Same Model, 3x Faster: CoreML vs MLX for On-Device Speech Recognition
Same neural network. Same weights. Same 6.34% word error rate. Same 25 languages. NVIDIA's Parakeet TDT 0.6B v3 model, running entirely on your Mac, with zero cloud dependency.
The difference is everything around the model.
One path goes through Python, HTTP, disk I/O, and the GPU. The other is a Swift binary that talks directly to the Neural Engine. We shipped both in Callipso and measured them on real recordings.

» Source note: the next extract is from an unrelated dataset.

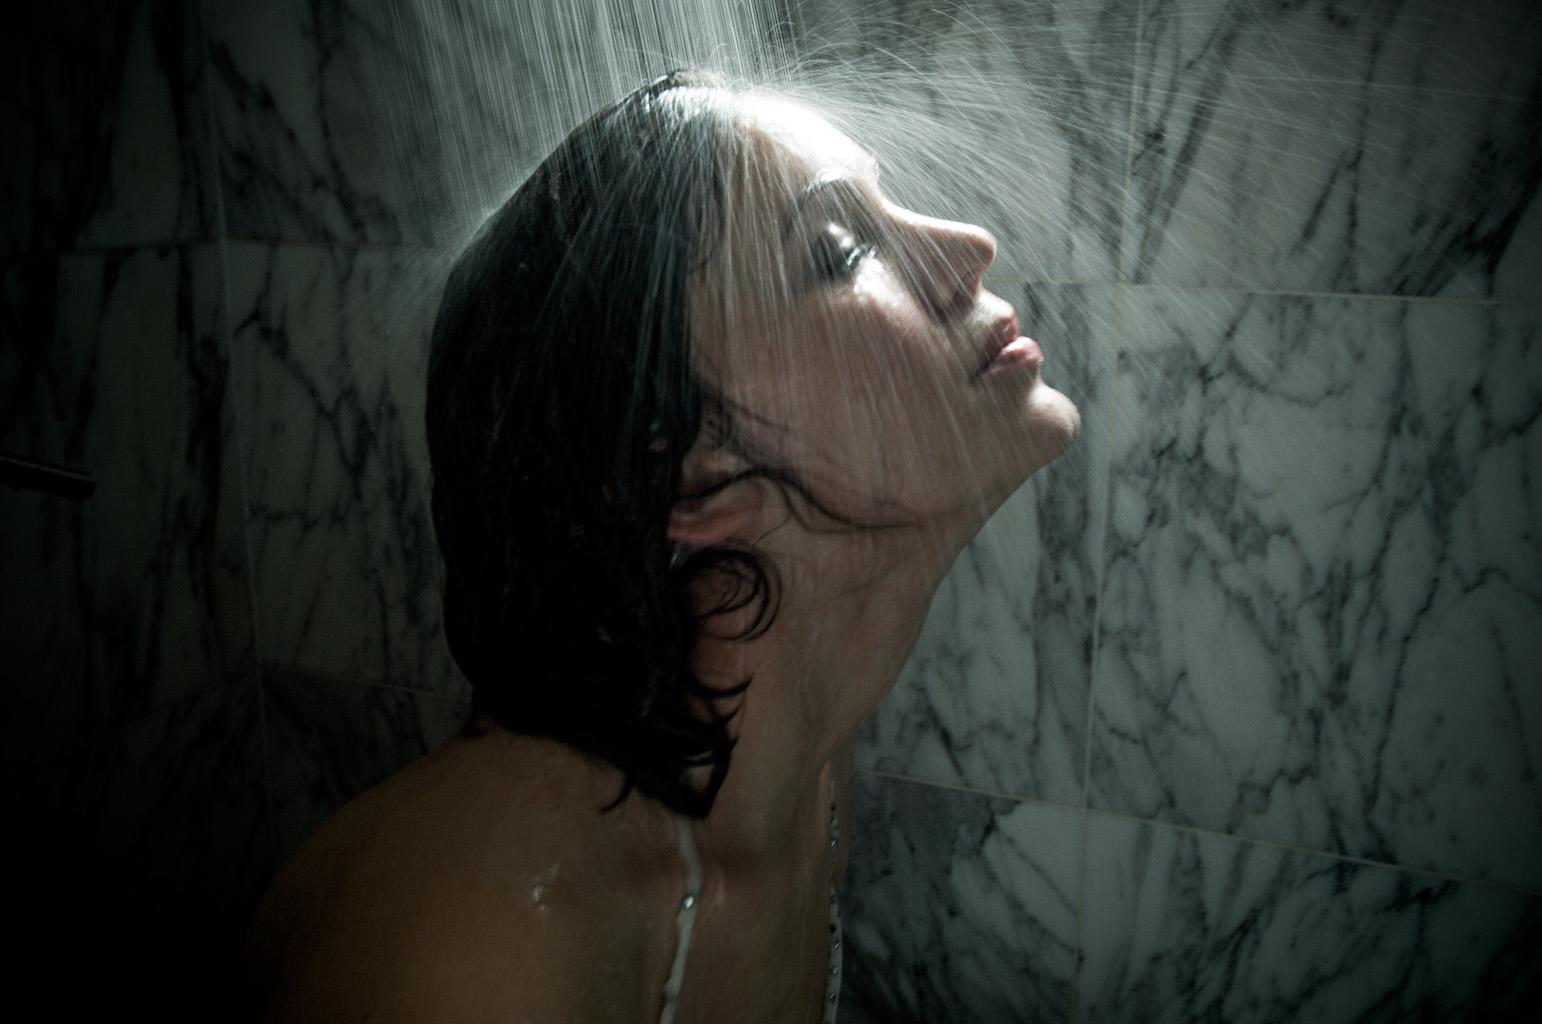 Секс девушки с душем, гиг порно в душе видео смотреть HD порно бесплатно 22 фотография
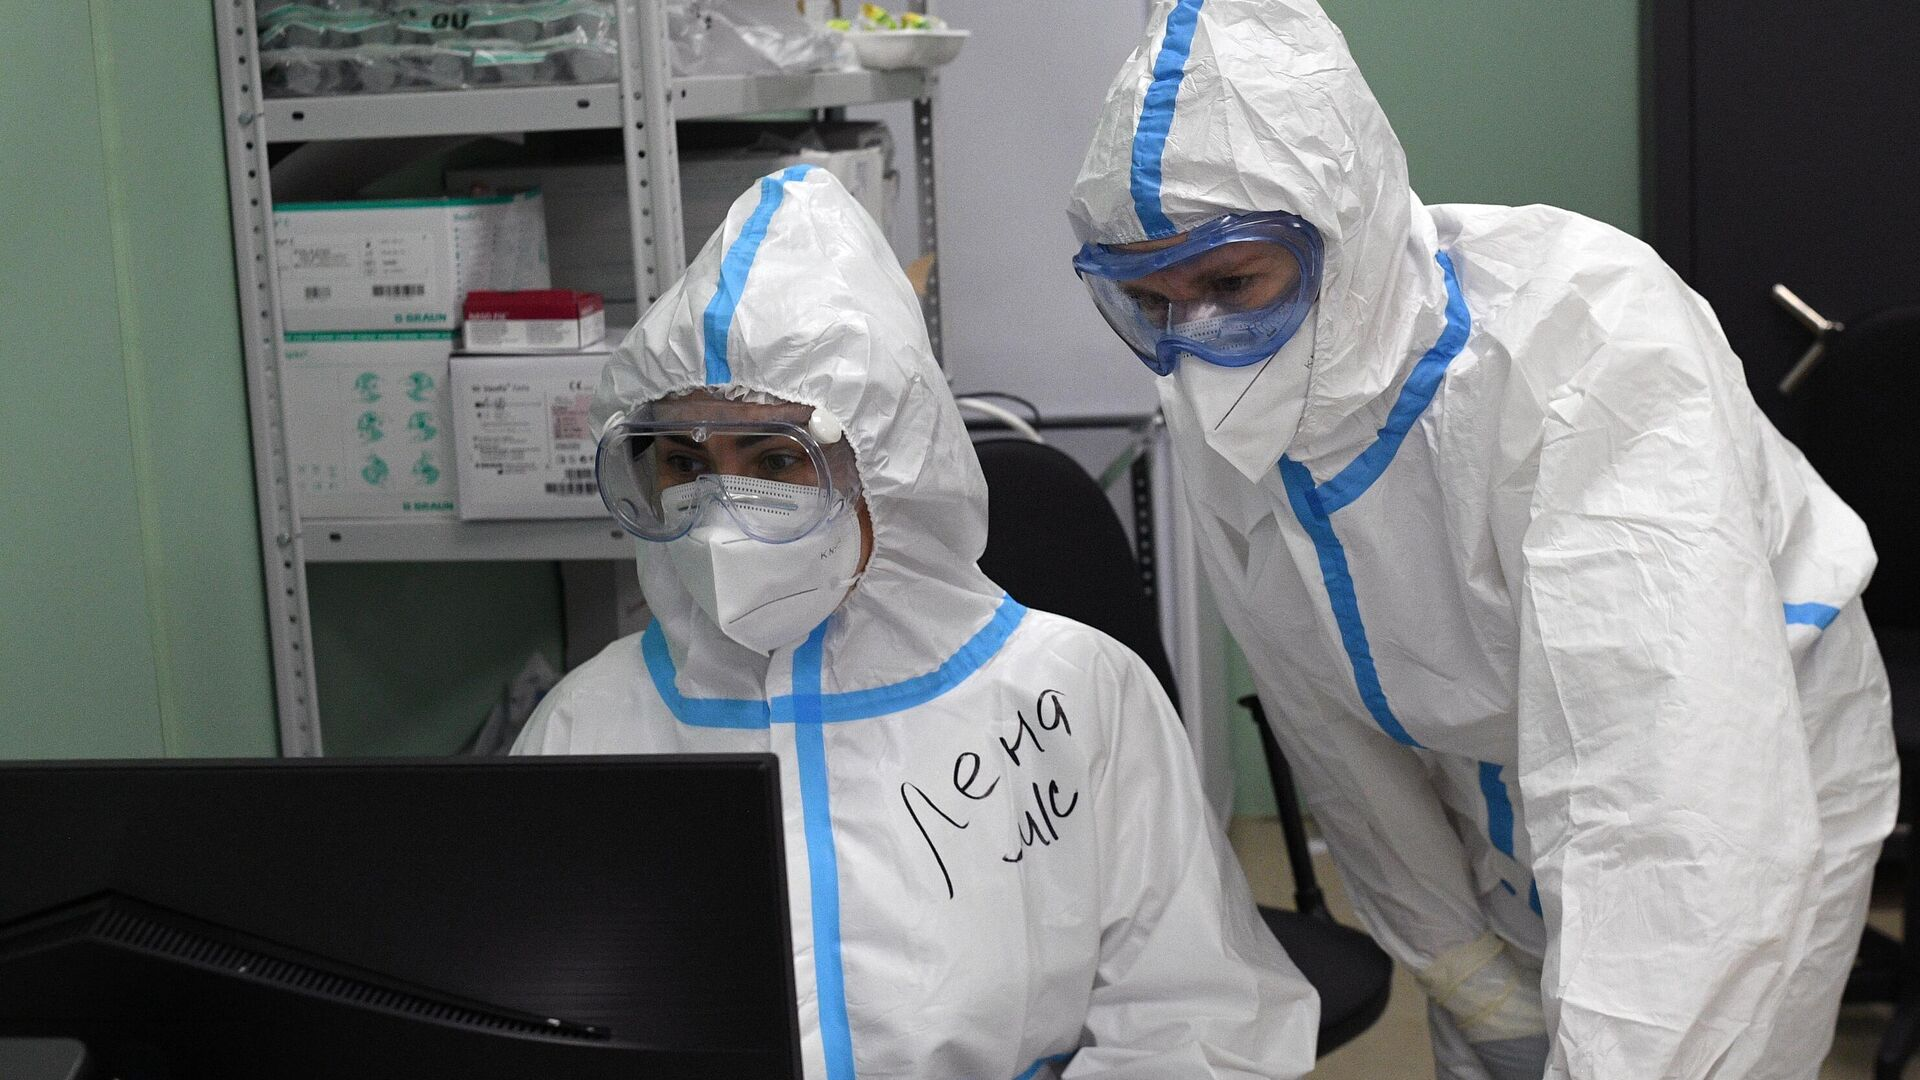 Медицинские работники во временном госпитале COVID-19 на ВДНХ в Москве - РИА Новости, 1920, 24.10.2020

The results are not subtle.
The MLX Pipeline: Count the Hops
When you record on the MLX backend, here is what happens:
MICROPHONE
→ AVAudioEngine captures 16kHz mono PCM
→ Audio written to WAV file in /tmp
→ WAV file read back, base64-encoded
→ HTTP POST to Python server (localhost:5001)
→ Python Flask server receives request
→ Decodes base64 → loads audio tensor
→ MLX inference on Apple Silicon GPU
→ JSON response over HTTP
→ Electron parses response
→ Text delivered to terminal
Count them. File write, file read, base64 encode, HTTP serialize, HTTP deserialize, base64 decode, tensor load. Seven hops between "audio captured" and "inference starts." Each one is fast. Together they add up.
The Python server itself is a permanent process. It cold-starts in ~7 seconds (loading the model into GPU memory), then stays resident at ~200MB RAM. A supervisor watches it — health checks, watchdog timers, restart logic. If it crashes, the supervisor spawns a new one and waits for it to warm up.
The CoreML Pipeline: Count the Hops
MICROPHONE
→ AVAudioEngine captures at native sample rate
→ Resample to 16kHz mono (in-memory)
→ CoreML inference on Neural Engine
→ JSON line to stdout
→ Electron reads stdout
→ Text delivered to terminal
Audio stays in memory from capture to inference. No file. No HTTP. No serialization. No server process to manage.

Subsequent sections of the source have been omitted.